Axel stood up and announced, "I'm going outside now."

"Then go."

He fidgeted awkwardly, bouncing on his heels, delaying the act as much as he could while his mind tried to come up with a good reason to stay.

He left his own apartment after a few minutes.

!

"There's a kid in my place," Axel said to the rabbit. He sat on the edge of the curb and let his legs sprawl out in front of him, his heels scraping past the painted white line into a car lane.

The rabbit twitched and said nothing.

"He's pretty, in a fuck you kind of way," Axel continued. He waved one hand and made sloppy circles in the air, pretending to emphasize a point which he was half-certain did not exist. "I think he's the first person I've talked to in months. Pathetic, right?"

He peered down at the rabbit and reached out absently to stroke its soft white fur. "Of course I'm right. I have to be right. Being wrong sucks. It feels...itchy. But it's an itch I can't scratch at."

A car rounded the corner an instant later, its tires screeching on the asphalt, bright headlights flooding the dim street and flattening the shadows against the brick walls until everything looked bare and sharp and too real.

Axel did not retract his legs and he watched in interest as the car swerved to avoid him and almost hit a truck parked across the way. The driver screamed something angrily as she sped down the street, her windows rolled down and one hand stuck high up in the air.

Axel waved cheerfully back and said, "I don't even know his name. The guy in my apartment, I mean. How messed up is that?"

He glanced down at the empty patch of pavement where the white rabbit was sitting a second ago.

"...Hello?"

Axel decided to go back inside.

!

"I'm Roxas," the boy said. He did not hold out his hand in greeting.

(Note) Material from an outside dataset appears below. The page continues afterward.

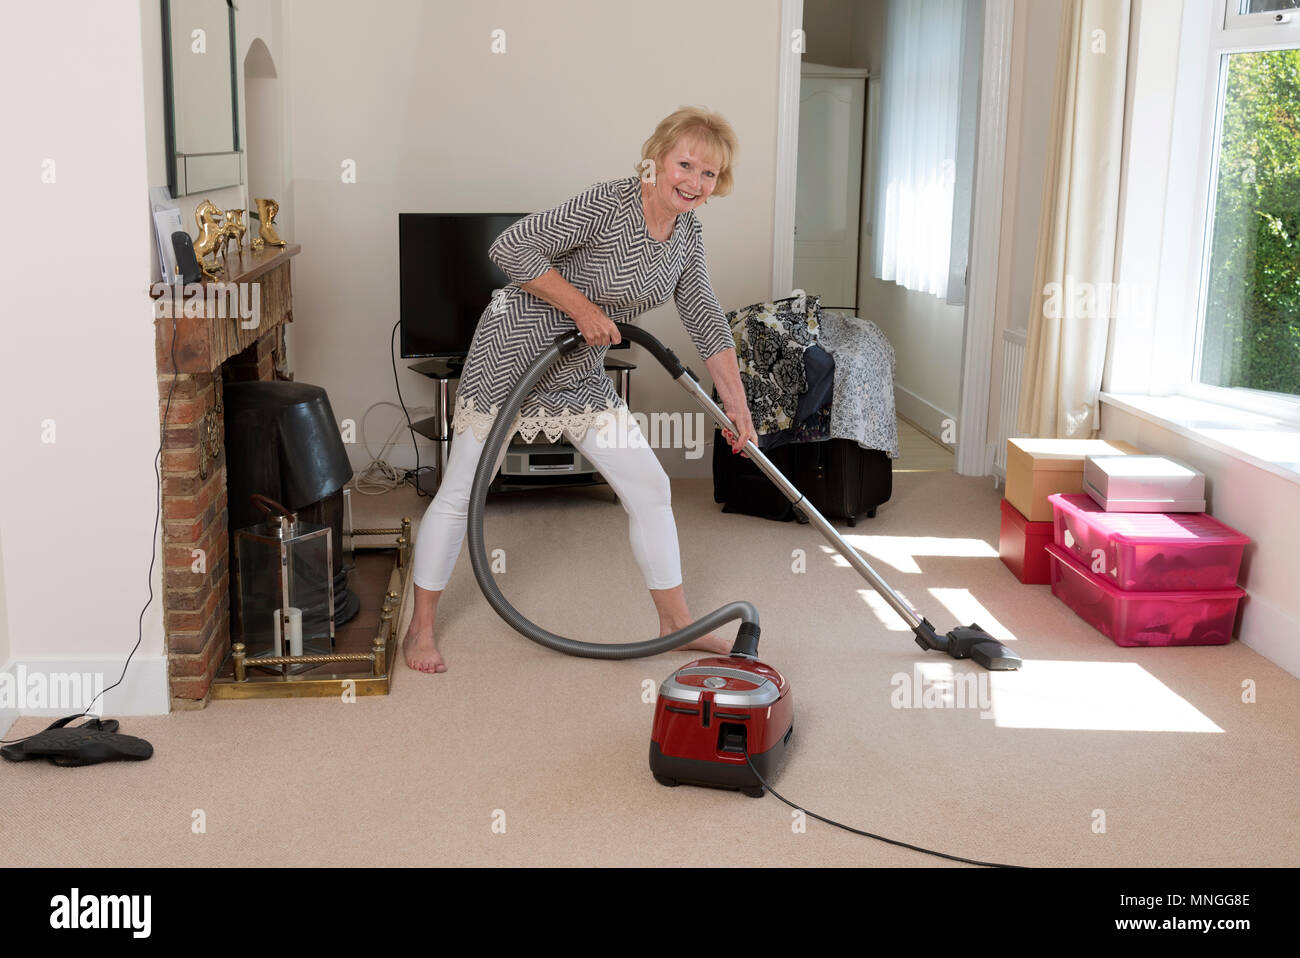 Déménagement, femme à l'aide d'un aspirateur pour aspirateur très hoover le tapis avant de déménager hors de la propriété. Banque D'Images

Axel grinned and slipped his own hands into his jean pockets, closing the front door behind him with a nudge of his elbow. "I'm Axel. It's nice to meet you," he said politely.

"Okay." The boy, Roxas, turned around and walked back to the tattered armchair. He sank his body onto the creaking cushion and curled up, tucking his arms around his knees. Axel blinked.

Roxas looked very small.

"What are you reading?" Axel asked. Roxas was clutching a tattered paperback book in one hand, the same one he had the night before when they first met. The spine was creased in so many places that it was odd to see the pages still attached. Maybe Roxas had to glue them back in. He looked like the kind of boy who would try to fix things rather than discard them. His clothes were worn through and patched.

"Do Androids Dream of Electric Sheep," Roxas replied, a few beats too late.

Axel cocked his head to one side and grinned. "Do they?"

Roxas shrugged.

"Is it a good book?"

"Depends," Roxas said. He flipped a page.

"But do you like it?"

"It's all right."

Axel stopped asking questions.

That night, he tried to think about electric sheep and ended up dreaming about a contaminated city choking on radioactive dust instead. Roxas was there, standing next to him, his blue eyes shining bright in the gritty cloud and nuclear decay.

He decided it was a good dream to have and left it at that.

!

Axel sat in the bathtub with his clothes on and let his body float up a few inches, buoyed by the soapy water. His shoes weighed his legs back down so he was caught in a strange sort of equilibrium, and he wondered vaguely if he should have taken his clothes off first. That might have been an important step to bathing but his mind was a little fuzzy on the details.

He blinked and a frog appeared by the side of the tub. It jumped in with a splash and Axel laughed, hunting around the bubbles for a slippery green body.

Roxas was perched on the tiny counter space next to the sink reading, and he glanced down at the sound.

"What are you reading and what's it about?" Axel asked. He dunked his head in and reemerged a few seconds later, his dark red hair plastered to his skull. He grinned up crookedly.

"The Man in the High Castle. The story's written like an alternative reality, or what could have happened if the Allies lost World War II."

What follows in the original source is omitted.